Permission to Seek Damages
The Supreme Court Case That Could Reshape Climate Accountability
America has reached that particular late stage of political absurdity where the question is no longer whether we can slow the planet’s fever, but whether a city is even allowed to ask the people who sold the matchsticks to help pay for the fire department.
On February 23, 2026, the Supreme Court agreed to hear a case that sounds like a spreadsheet tab but carries the weight of a policy earthquake: Suncor Energy v.

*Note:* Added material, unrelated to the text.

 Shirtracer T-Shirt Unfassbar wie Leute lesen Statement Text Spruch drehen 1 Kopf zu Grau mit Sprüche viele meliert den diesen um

County Commissioners of Boulder County, a dispute rooted in Boulder’s long running effort to hold ExxonMobil and Suncor financially responsible for climate linked harms that, in practice, show up as budget line items, infrastructure strain, public health costs, and the increasingly familiar sensation of living inside a weather system that has stopped playing by the old rules.
Boulder and other plaintiffs have been pushing a simple story, even if the legal language is ornate: the fossil fuel business was not merely extracting and selling, it was also shaping public understanding, managing perceptions, and allegedly downplaying what it knew about the consequences of its products, and now communities are being asked to adapt on their own dime, as if “externality” were a synonym for “someone else’s problem forever.”

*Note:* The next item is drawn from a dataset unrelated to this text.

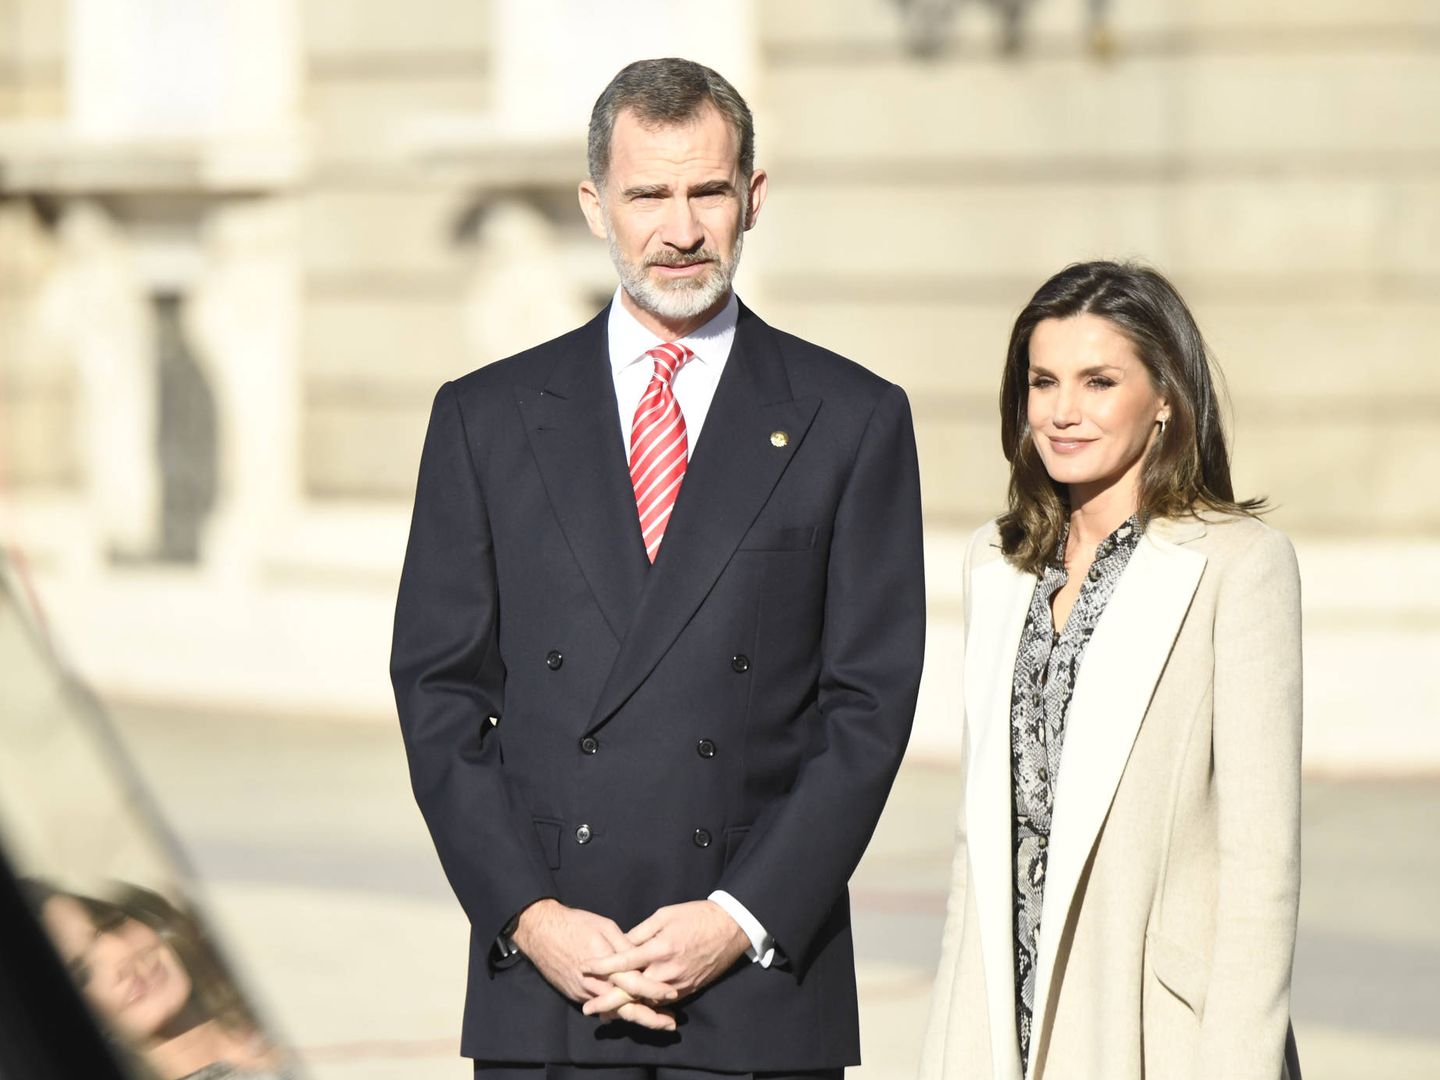 Los Reyes presiden el recibimiento oficial al presidente de Perú y su esposa. (Limited Pictures)

The companies’ reply is, in its own way, elegantly cynical: climate change is too big to be handled by a county courthouse, too global to be sorted out by state tort law, too entangled with interstate and international emissions to be adjudicated through the ordinary machinery of nuisance and consumer protection claims, and therefore, they argue, it belongs in the federal domain, where statutes like the Clean Air Act and constitutional structure should preempt a patchwork of state level accountability experiments.
That framing is not just legal theory, it is a power move, because if you can successfully describe the harm as global, then the plaintiffs’ forum becomes illegitimate by definition, and if the plaintiffs’ forum becomes illegitimate, then the case never reaches the stage where it can do the thing these lawsuits often do best: force disclosure.
This is the underrated engine inside climate litigation, the part that makes corporate America nervous in a way that a press release never will; discovery, with its subpoenas and depositions and internal documents, is not a moral victory in itself, but it is often the bridge between “everyone suspects” and “everyone can see,” and once a lawsuit survives long enough to demand receipts, the pressure shifts from abstract debate to concrete risk.
State attorneys general, and the city and county lawyers who operate in their orbit, sit at the center of this drama, partly because they have become the institutional adults in a country that cannot reliably legislate its way out of large problems, and partly because they are staring at costs that do not politely wait for electoral cycles; if Washington will not produce a stable climate funding architecture, then states and localities will keep trying to build one in the only places that still require someone to answer a complaint, which is to say the courts.
If the Supreme Court sides with the companies in a broad way, the likely outcome is not the end of all accountability attempts, but a forced pivot toward narrower theories, more carefully framed claims, and a kind of legal choreography designed to avoid anything that looks like a state trying to regulate global emissions through tort damages; the most durable lane in that world tends to be deception, consumer protection, and misrepresentation based claims, because they focus less on the atmospheric chemistry and more on what was said, what was known, what was marketed, and what was concealed.
If the Court sides with Boulder, or even simply draws a permissive boundary around this style of lawsuit, then attorneys general and local governments get something they have been chasing for years: validation that state courts can be a legitimate arena for assigning climate costs, and once that legitimacy is affirmed, the number of suits, and the sophistication of the strategies behind them, tends to expand quickly, because the incentives are obvious and the political rewards can be substantial.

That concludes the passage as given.